Они принялись благодарить, но мыловар только отмахнулся, сказав, что столько им и полагается. Выпив на дорогу согревающего напитка из ароматного меда, женщины направились в замок в сопровождении двух здоровенных слуг в самом приподнятом состоянии духа.
Они миновали церковь Святой Марии и свернули в переулок. Слева были скотобойни и низкие, прижавшиеся друг к другу, мазанки из хвороста, справа блестел Эйвон. У причалов покачивались рыболовецкие суденышки и весельные лодки. Повсюду сваленные кучами сети, мотки канатов, плеск освещенной звездами воды и тяжелый речной запах.
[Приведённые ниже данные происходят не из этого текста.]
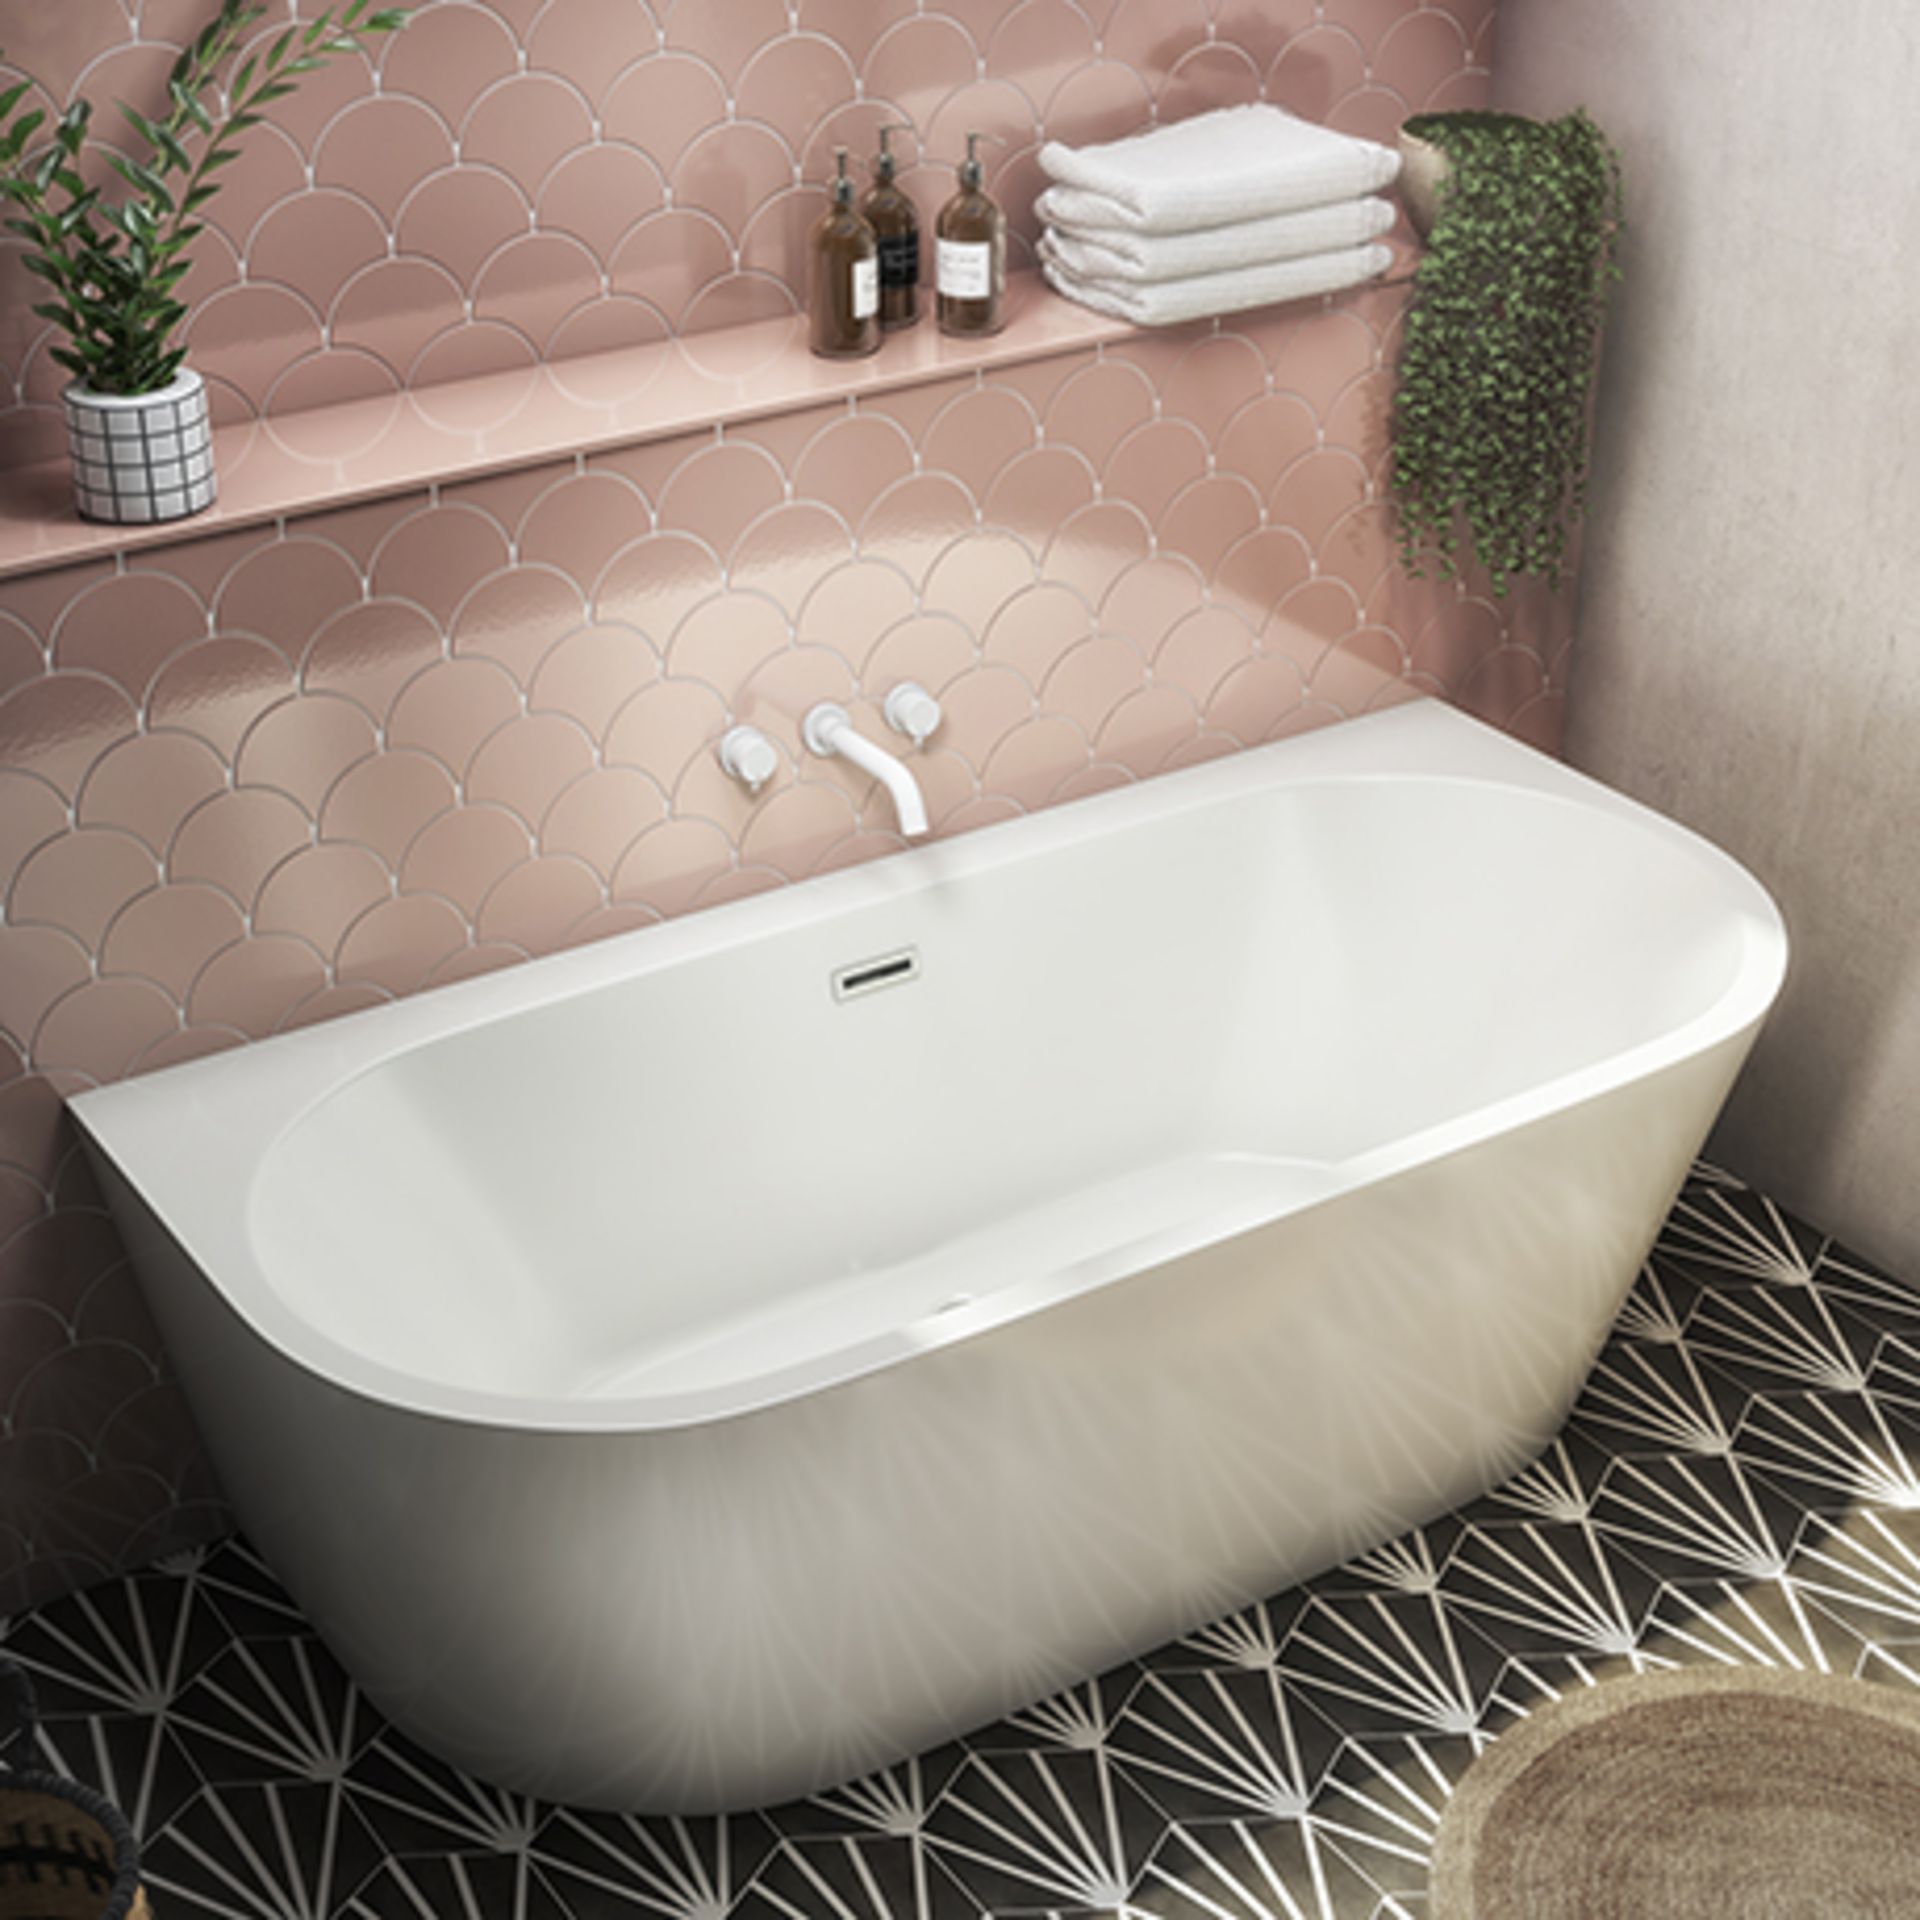 NEW (Z50) 1800x850mm Curved D Shape Bath. RRP £660.00. This bath is also double ended, this means

– Что бы мне хотелось, – заявила Кэтрин, дотронувшись до горлышка сосуда с мылом в своей сумке, – это погрузиться целиком в горячую-прегорячую бочку и как следует надушить всю кожу.
– Ха! – фыркнула Этель – Если ты займешься этим в такую погоду, девочка, то отморозишь себе оба соска.
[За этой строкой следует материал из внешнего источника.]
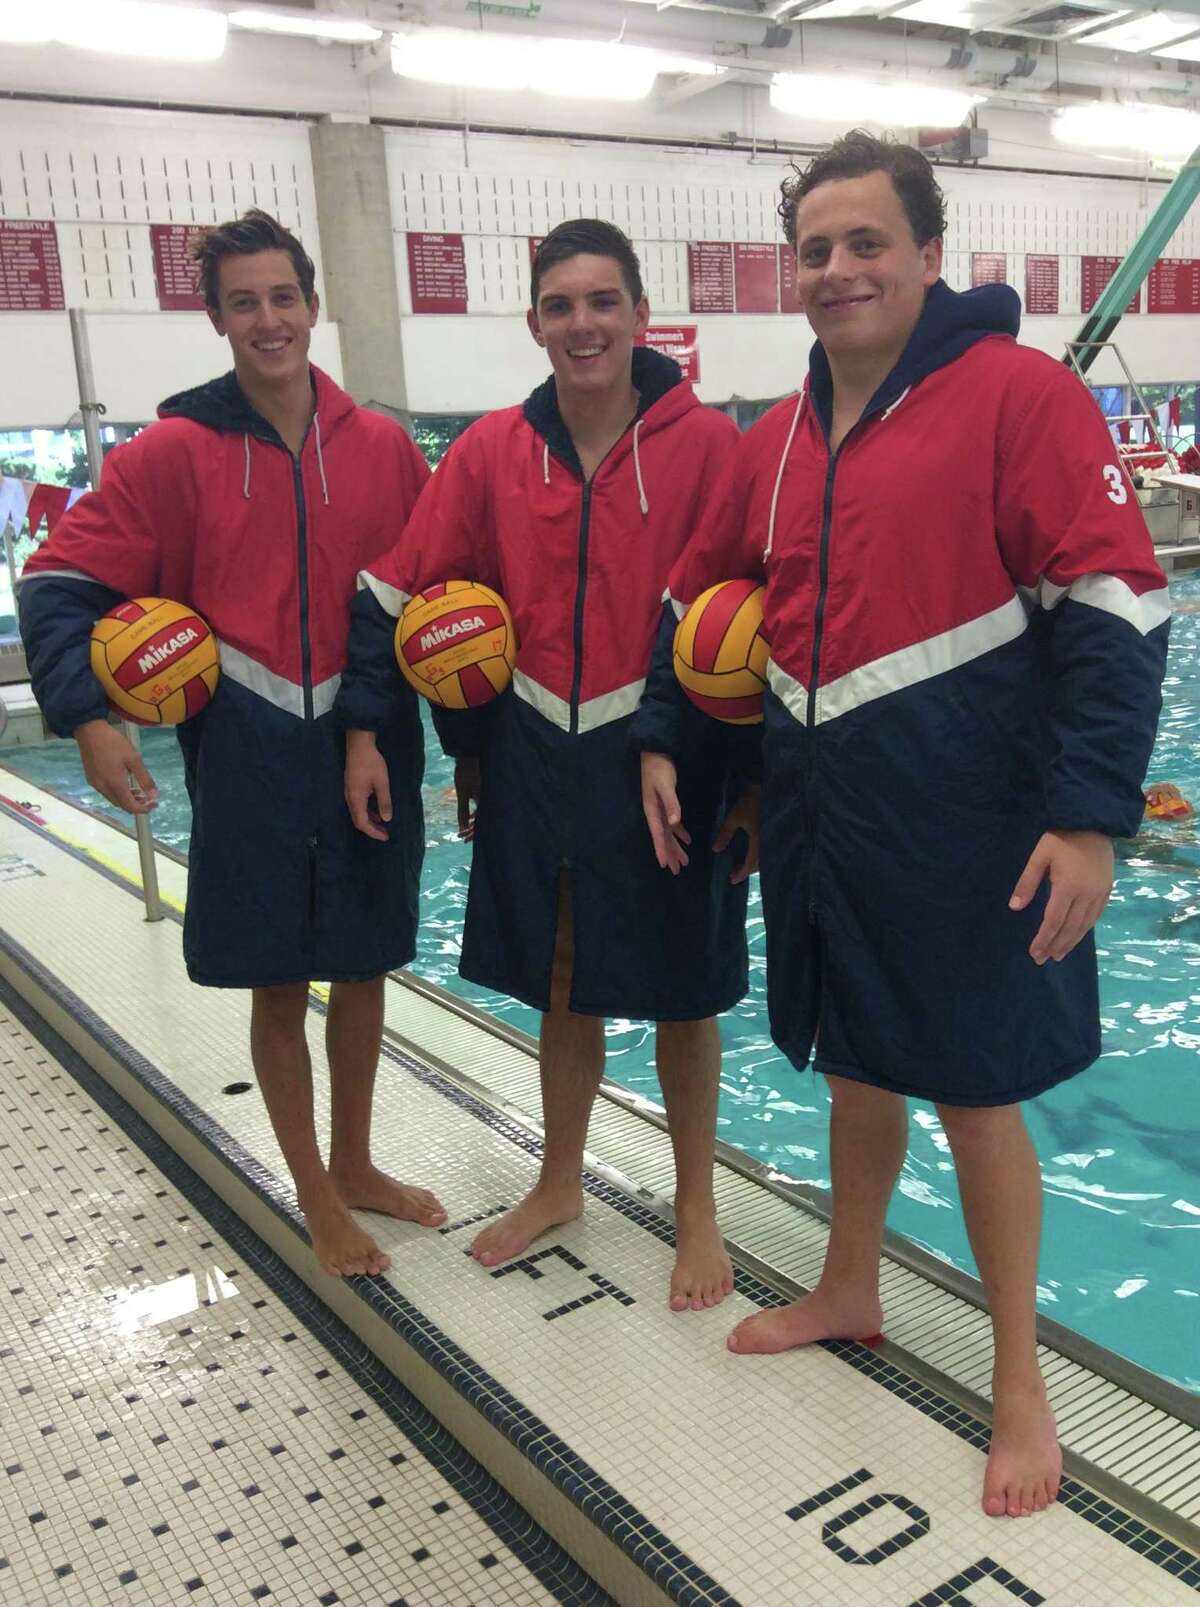 From left to right, Niki de la Sierra, Kyle Laufenberg and Tegan D’Agostino are senior captains on the Greenwich High School water polo team. September 4, 2018

Сопровождавшие их мужчины громко рассмеялись. Кэтрин гордо вскинула голову.
– Это всего лишь мечта, – сказала она, чувствуя себя ужасно глупо.
– Ты лучше продай его и купи себе еще одну рубашку, не дожидаясь пока пойдет снег. Лично я собираюсь поступить именно так, – сказала старая повитуха и хитро покосилась на свою спутницу – Правда, мне не нужно заботиться о том, какое впечатление я произведу на мужчину, не так ли?
Прежде чем Кэтрин успела найти подходящий ответ, их окликнули сзади. Повернувшись, они увидели тощую женщину средних лет в поношенной одежде, которая бежала за ними.
– Вы две повитухи из замка? – хрипло спросила она, догнав их. Лампа прыгала в ее руке, глаза были дикими. – Кто-то сказал, что видел, как вы проходили.
– Да, это мы, – Этель оперлась на палку и окинула женщину изучающим взглядом.
– Слава Богу! Скорее, идемте, умоляю. Там моя дочь, – она махнула куда-то себе за спину в сплетение темных проулков бристольских трущоб. – Я не знаю, что делать. Я не могу остановить кровотечение.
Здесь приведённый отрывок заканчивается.